• ASSIGNMENT:
Without changing a thing, reproduce the entire listing and leave out its pictures.

• DATASET CONTENT:
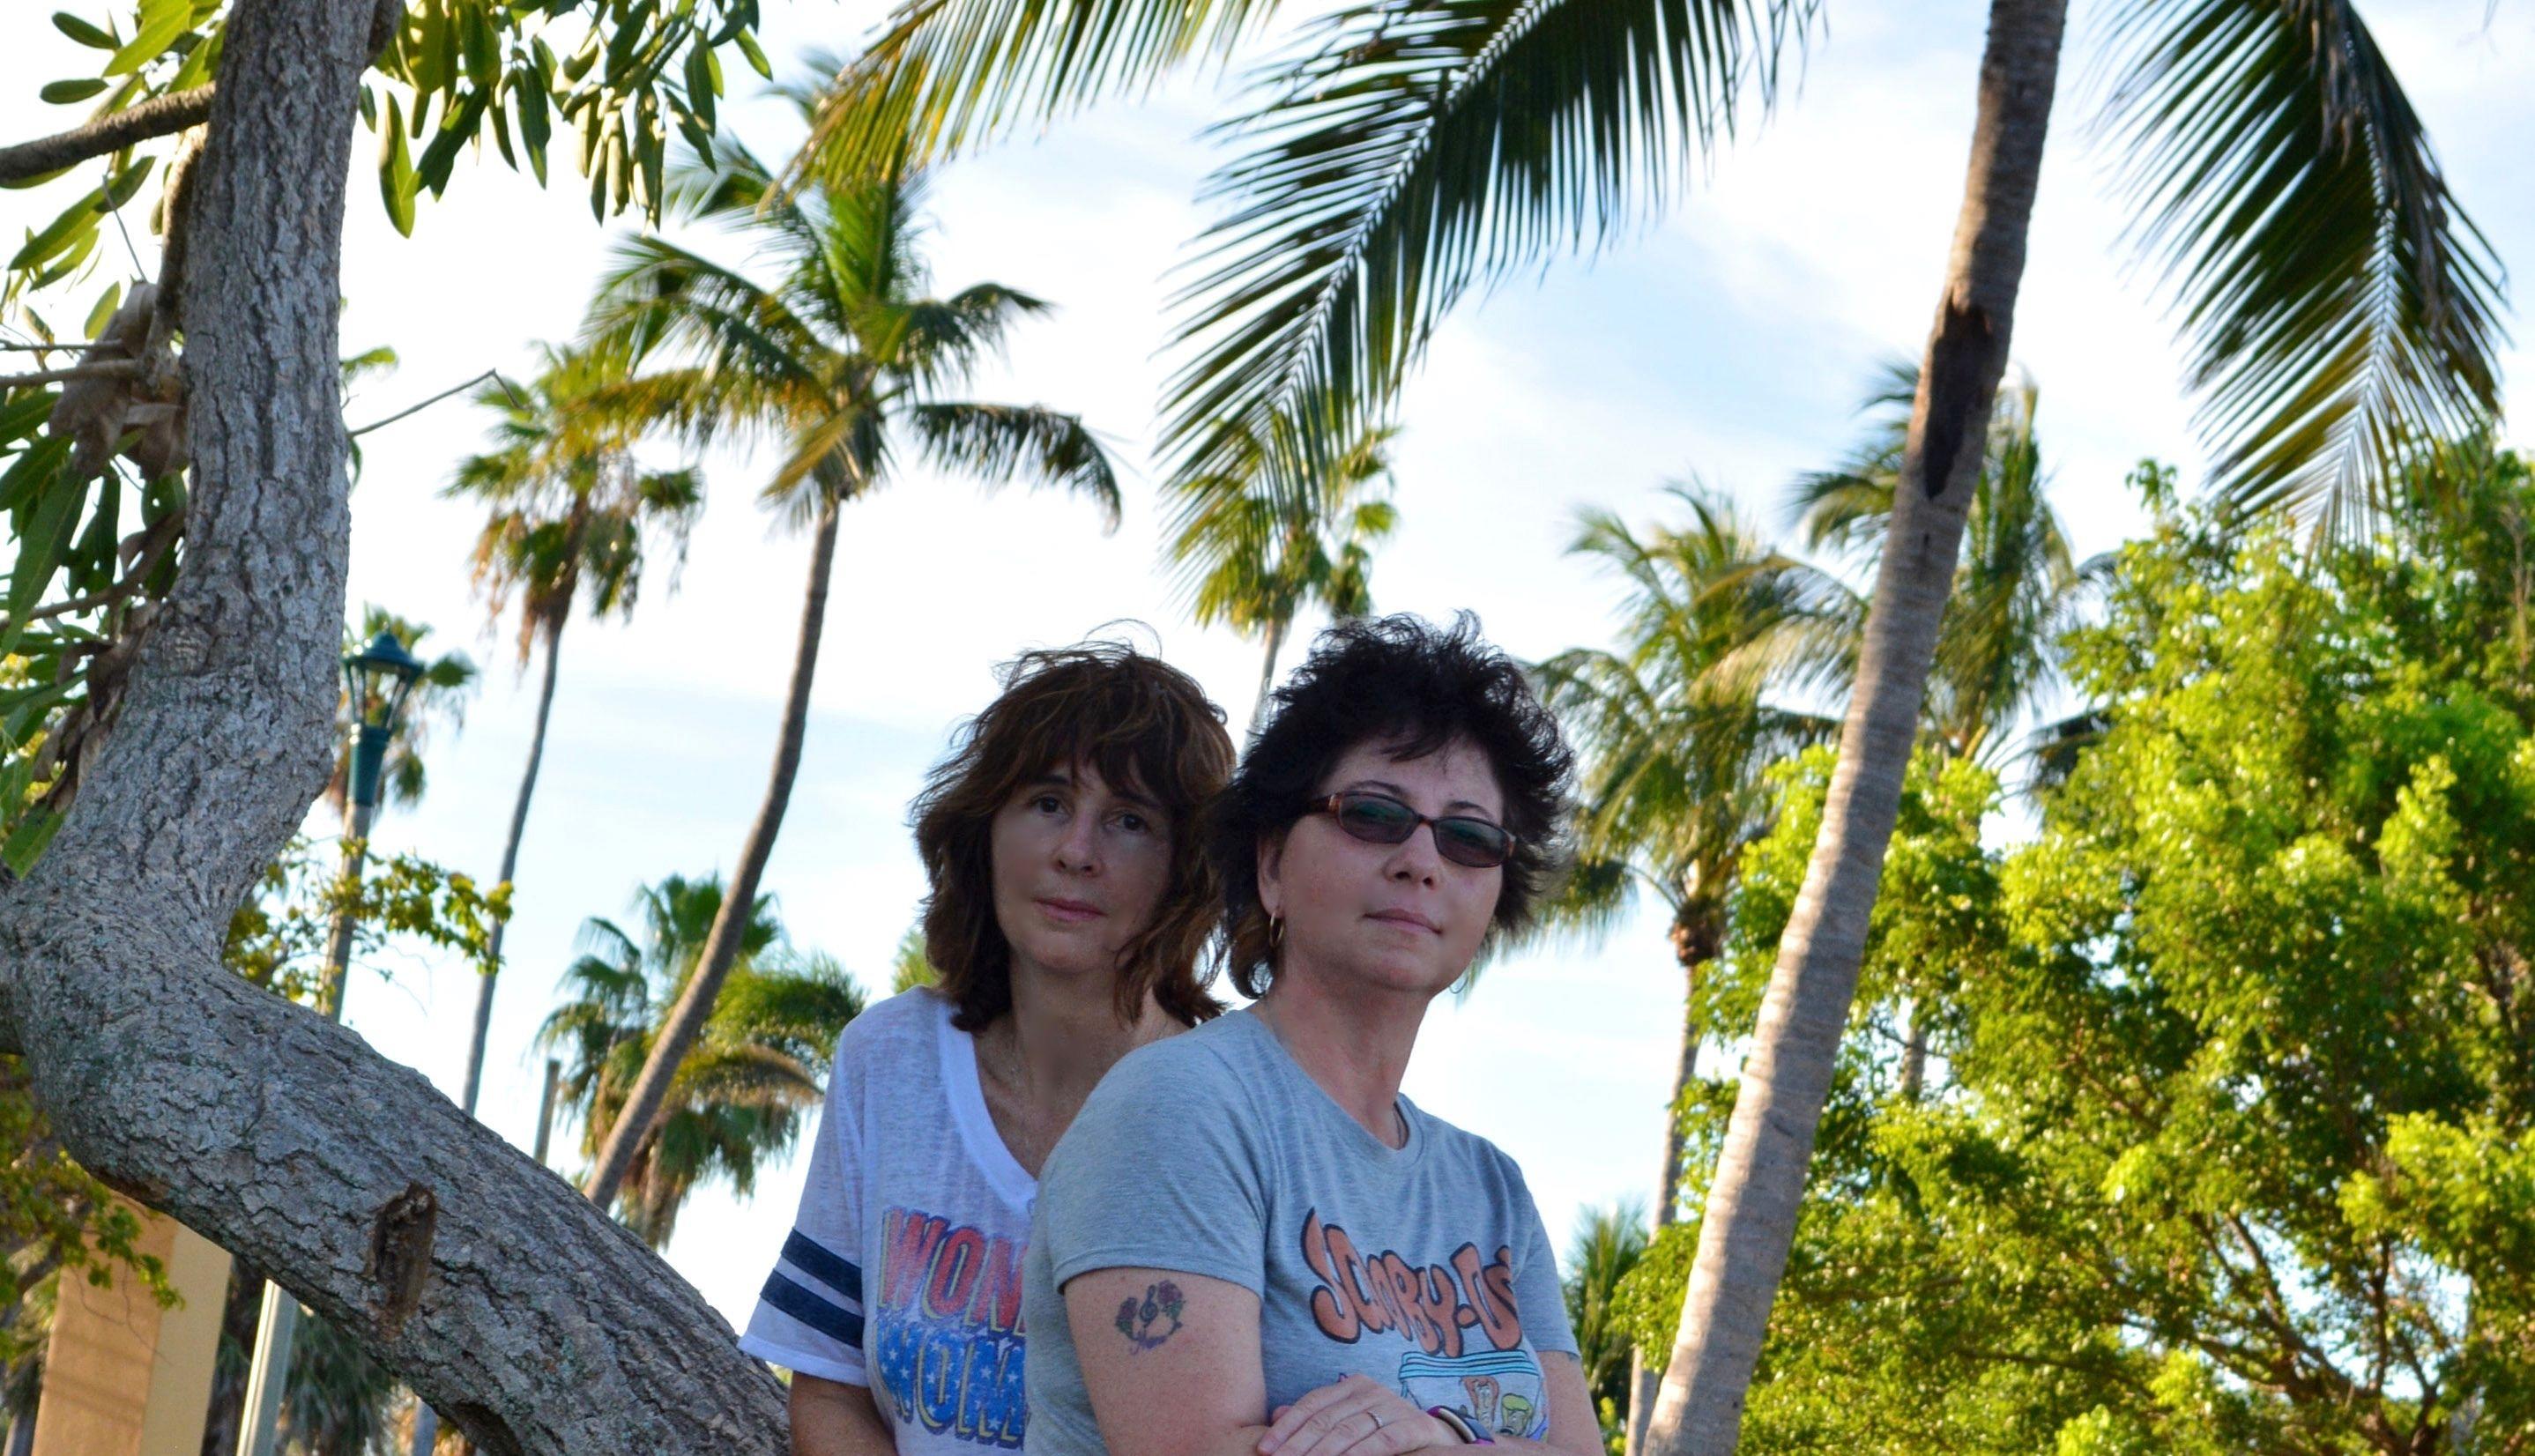 BLAST (Bi, Lesbian and Straight Together) Women of WPB
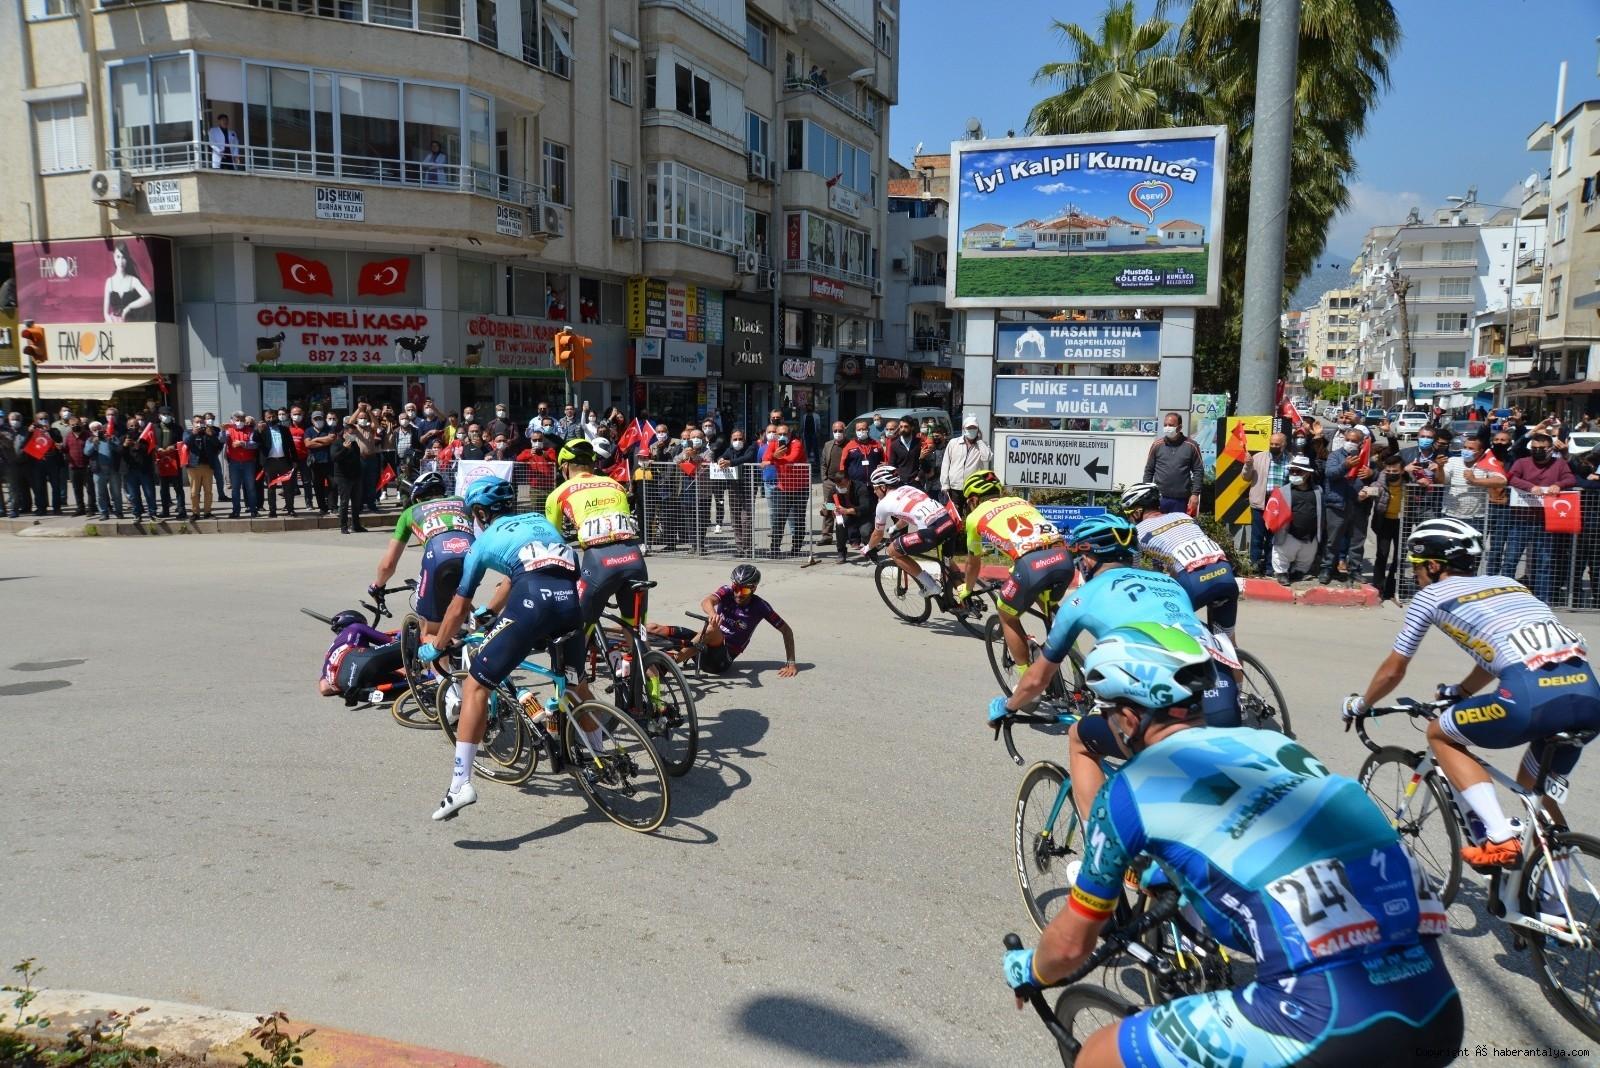 2021/04/56-cumhurbaskanligi-turkiye-bisiklet-turunda-kaza-ucuz-atlatildi-20210415AW29-1.jpg
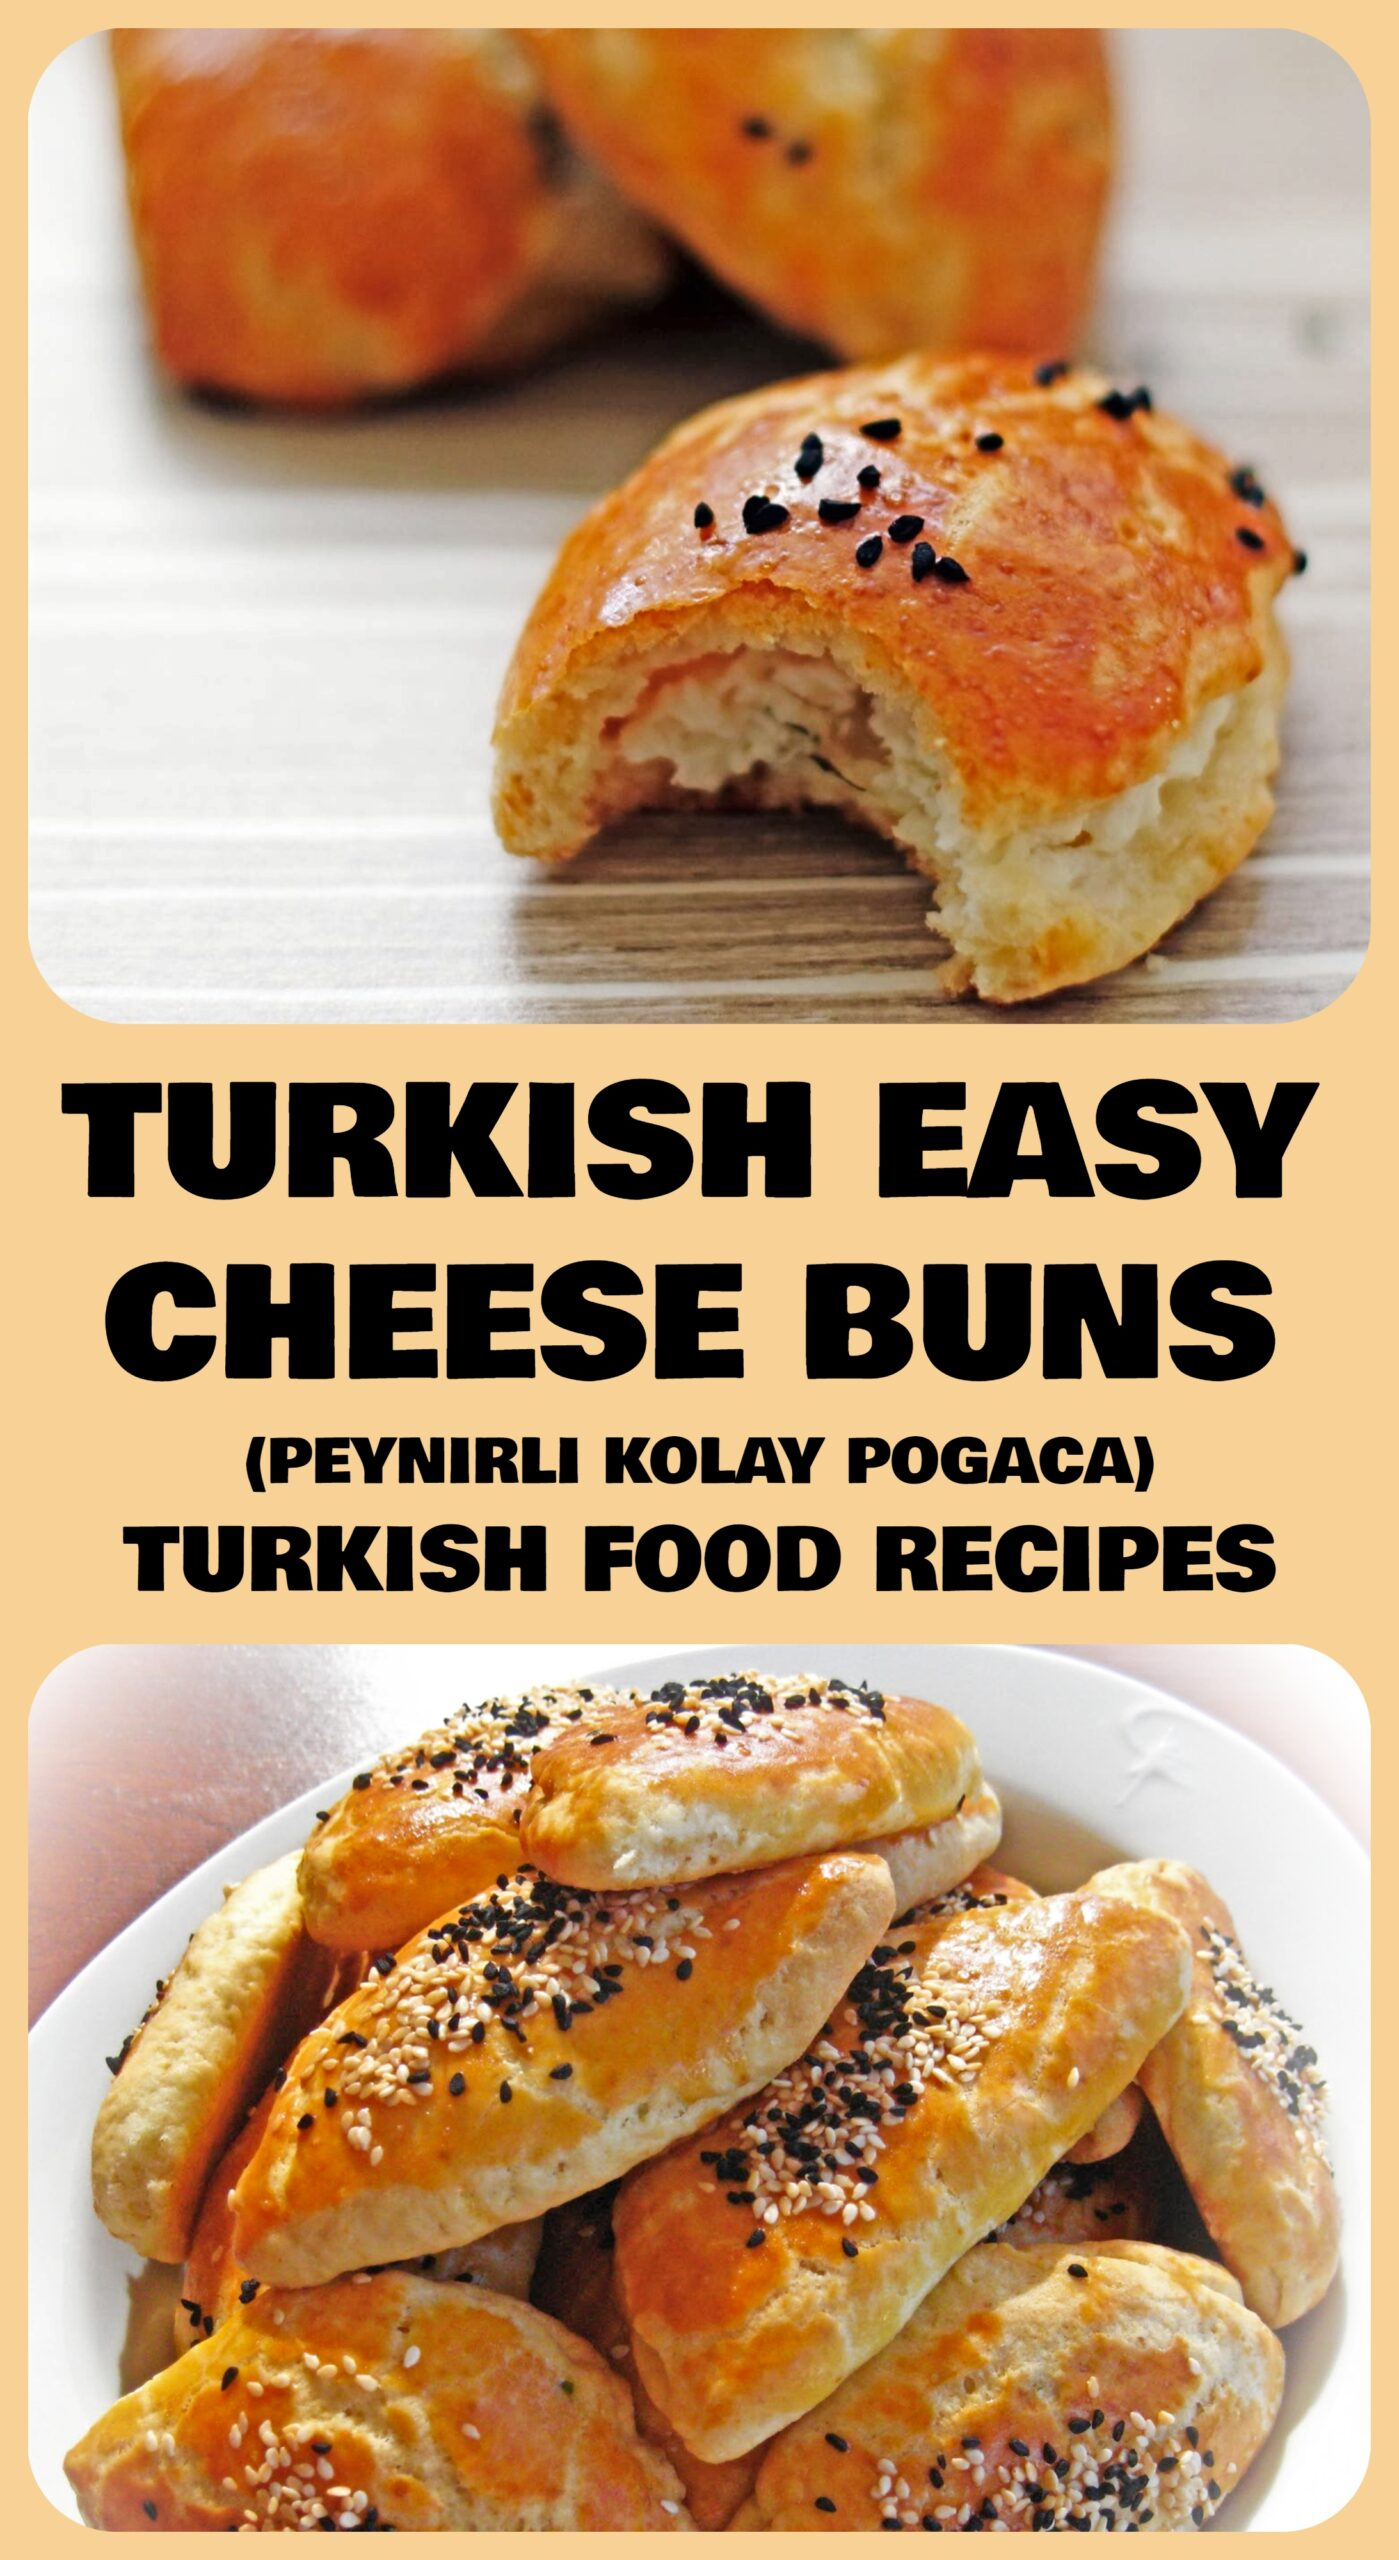 Turkish Easy Cheese Buns - Peynirli Kolay Pogaca Recipe

• OUTPUT FOR THIS EXERCISE:
 BLAST (Bi, Lesbian and Straight Together) Women of WPB
 2021/04/56-cumhurbaskanligi-turkiye-bisiklet-turunda-kaza-ucuz-atlatildi-20210415AW29-1.jpg
 Turkish Easy Cheese Buns - Peynirli Kolay Pogaca Recipe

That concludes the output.